Uma das voluntárias que participam do programa Papai Noel dos Correios, em São Paulo, não quis acreditar quando uma criança de apenas oito anos idade, em vez de pedir brinquedo, roupinha ou telefone celular, ao ditar carta para ser enviada pela ECT à Lapônia, pediu que o Bom Velhinho repassasse uma cesta básica ao pai e à mãe desempregados. A voluntária não quis acreditar por que ignorava ser este um dos pedidos feitos com desconcertante frequência por inúmeras crianças em diversos estados brasileiros. No Acre, por exemplo, o gerente da Empresa de Correios e Telégrafos na cidade de Cruzeiro do Sul, Airton Pessoa, fez um resumo do quadro: “Aqui, em algumas cartas as crianças pedem brinquedo, ipad, iphone, notebook, tablet, mas o que mais nos comove é quando pedem alimentação. E normalmente são esses os pedidos mais atendidos na campanha”. Lá no Acre, muitas crianças chegam a especificar aos menos dois produtos que não podem faltar na cesta básica do Natal: leite e iogurte. É embaraçoso (e comovente) ou não é?

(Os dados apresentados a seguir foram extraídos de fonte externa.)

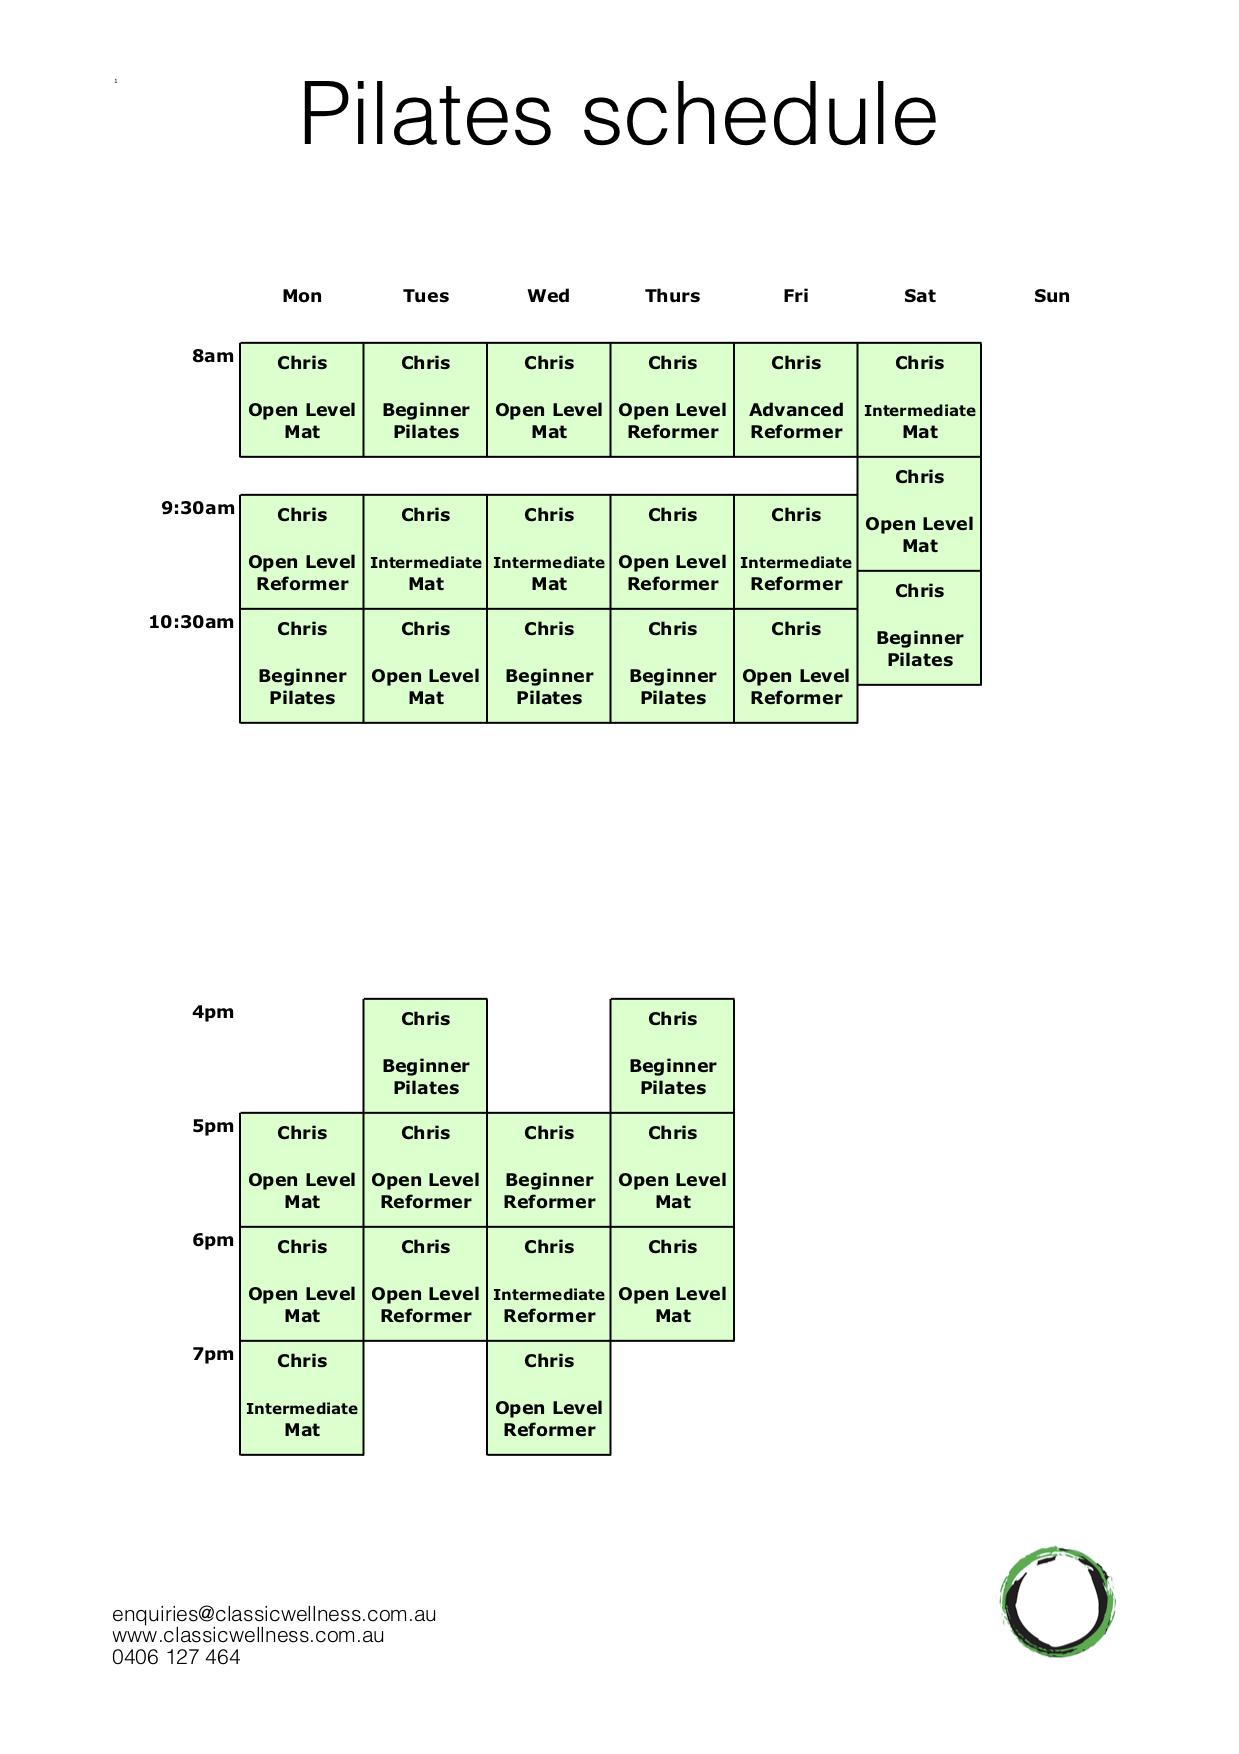 class schedule Pilates June 2019.jpg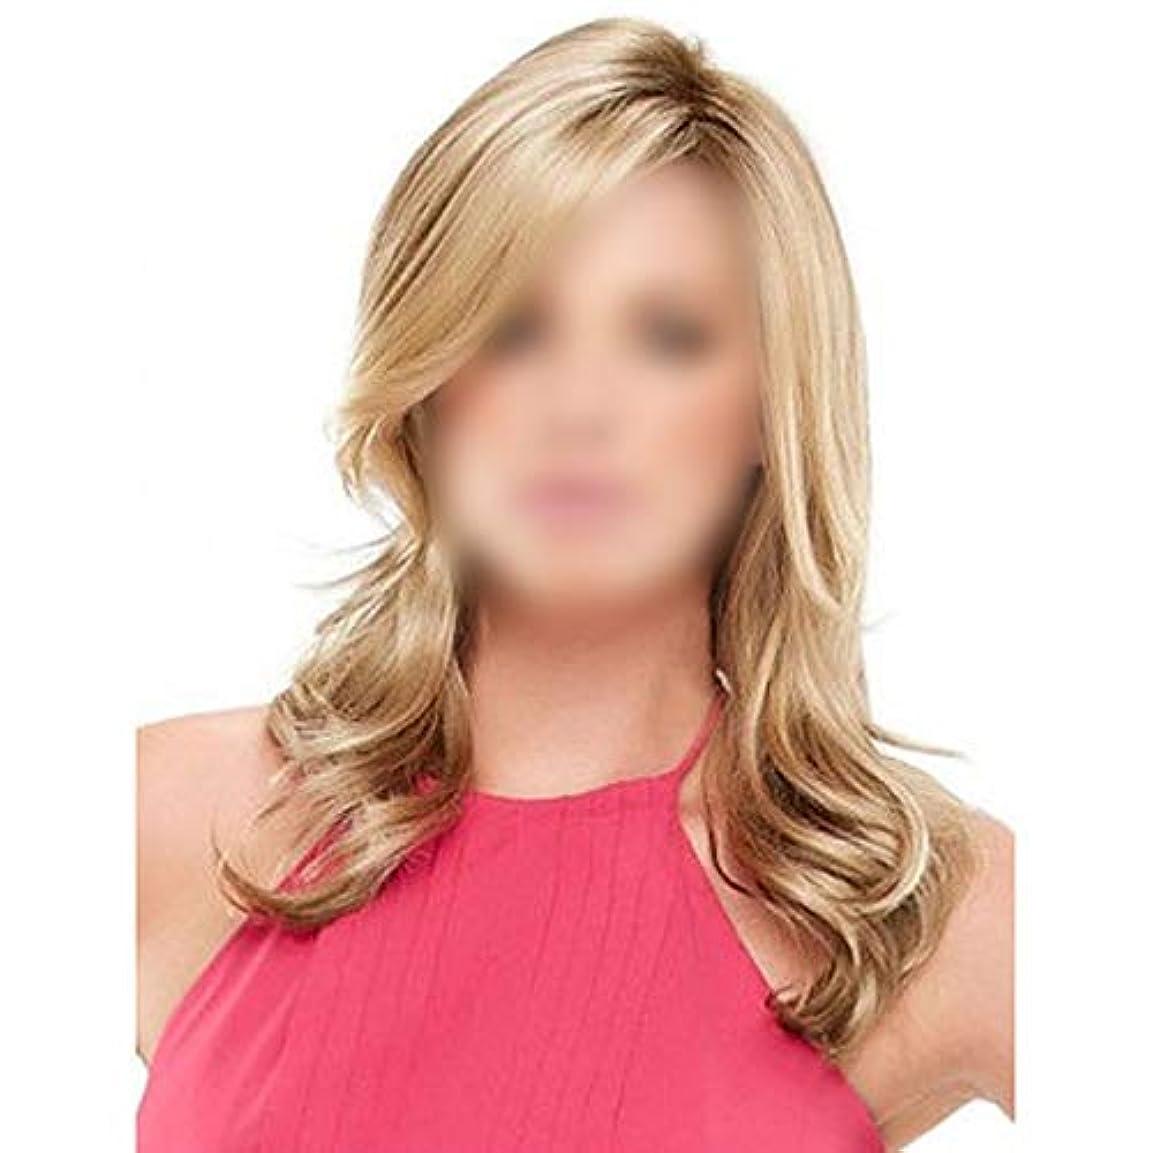 マトロンモード不毛WASAIO 斜め前髪の長いウェーブのかかった巻き毛ウィッグ女性のスタイルの交換のためのアクセサリー毎日のドレス耐熱繊維 (色 : Blonde, サイズ : 70cm)

Bom, no meu caso, só não fiquei cá tão embaraçado ao ler o noticiário porque já tinha me comovido com alguns depoimentos espontâneos dados, em recente programa jornalístico da TV Cabo Branco, por beneficiários do Bolsa Família que recebem do Governo do Estado o Abono Natalino (único do gênero no país). Na primeira declaração, uma mulher de aparentes 50 anos de idade disse, em tom de felicidade, que o abono lhe serviria para comprar arroz, feijão, açúcar, óleo e outros produtos que compõem a cesta básica. Mais feliz ainda, adicionou à balança sabem o quê? “Um quilo de galinha,” Na manifestação a seguir, uma outra mulher, da mesma faixa etária, assim se expressou: “Vou ajuntar e comprar umas roupas para as crianças.” E olhem que o Abono Natalino é de R$ 32,00! Mas vocês não imaginam o quanto essa quantia significa em dezembro para meio milhão de famílias paraibanas! Ou, por outra, já estão vendo o seu significado, não é isso?

Os dois depoimentos, aliás, teriam bastado para despertar espírito natalino em qualquer cristão, mas eis que um terceiro favorecido pelo abono do Governo do Estado - um senhor também de meia idade - me fez acreditar que o Natal realmente existe, ao declarar, entre humilde e determinado: “Quem vai decidir é o meu menino, que é dele esse dinheiro.” E repetiu, com toda a ênfase: “Quem vai decidir é ele.” Pensem numa emoção! A pergunta que me faço hoje é a seguinte: terá o menino decidido ajudar ao pai na cesta de alimentos ou preferiu pegar seus R$ 32,00 e os entregou à mamãe para comprar uma roupinha e um brinquedo? Aposto como escolheu a segunda alternativa, mas a lição que fica nesta véspera de Natal é a do simbolismo que quantia relativamente tão pequena adquire quando entregue a mães e pais de tão grandes corações. Na verdade, o tamanho do benefício não é documento quando valores mais altos se alevantam. A felicidade do Natal não tem preço. Que o digam as crianças de 500 mil famílias que, na Paraíba, nem precisaram escrever a Papai Noel para ganhar uma roupinha ou um brinquedo neste Natal.

Glória a Deus nas alturas e paz na Terra aos homens de boa vontade!